# 6x6 and 7x7 on Weekly Comp



## Deleted member 52088 (Dec 1, 2019)

I think that on the weekly comp the 6x6 and 7x7 events should be changed to mean of 3 instead of average of 5 for a few reasons.
1. The WCA uses MO3
2. It takes a lot longer to do 5 solves vs 3
3. It will be better for comp sim
4. Many people don't want to compete if it is not going to prepare us for competition
Put your reasons in the comments below.


----------



## weatherman223 (Dec 1, 2019)

I posted this earlier this year, and it was heavily turned down. Even though I would like Mo3 too, you have to consider that the competition is 1 week long, meaning that we can have enough room to do 2 7x7 solves at work, and finish the rest at home. Staying at Ao5 for now is fine.

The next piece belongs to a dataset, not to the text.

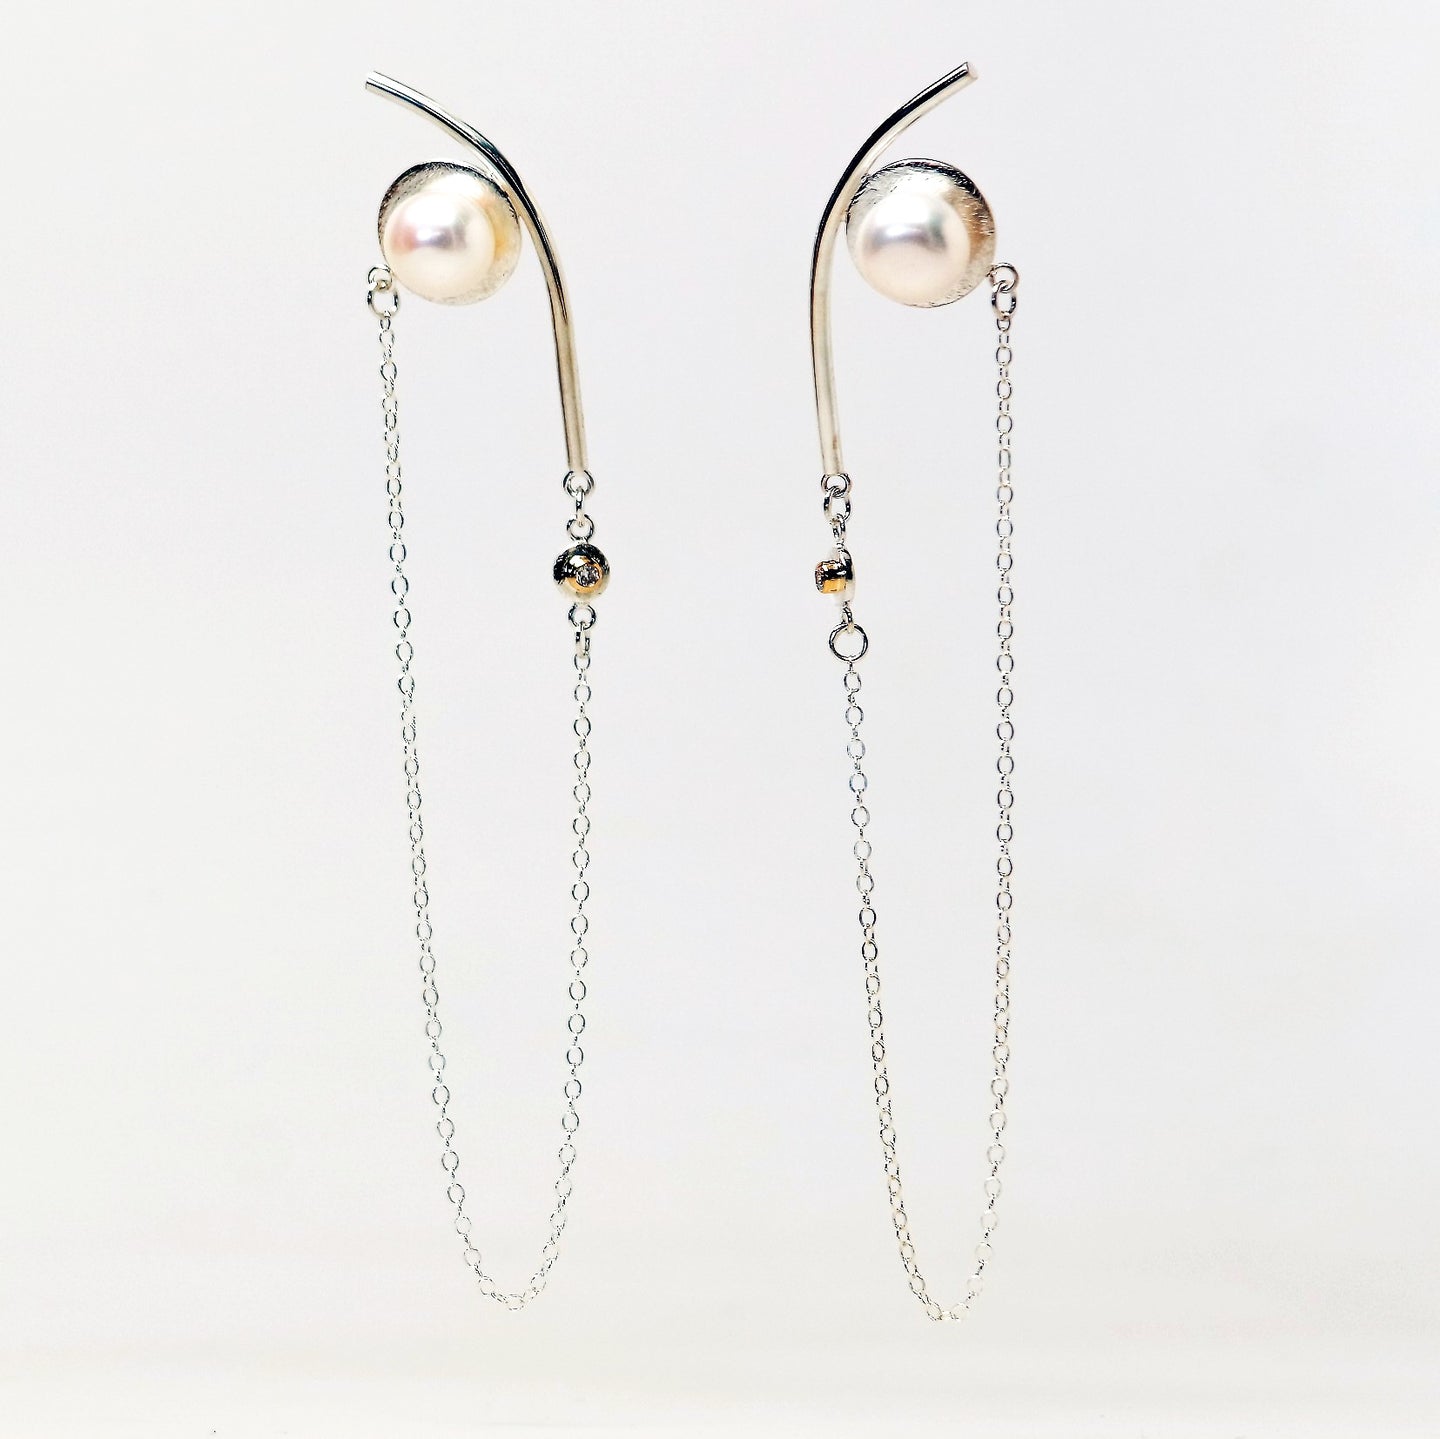 Saturn Earrings - Sterling Silver, 18KT Yellow Gold Bezel, Lab Grown Diamonds, White Freshwater Button Pearls - TIN HAUS Jewelry

Edit: https://www.speedsolving.com/thread...lve-on-weekly-competition-to-mean-of-3.72936/

The poll was a 7-12 vote. You can see opposing opinions, whichI now mostly agree with, below. 

*If you want Mo3, do cubers.io for your comp sim. *


----------



## ImmolatedMarmoset (Dec 1, 2019)

naw 6 and 7 are dumb anyway

EDIT: sry VIBE_ZT but naw


----------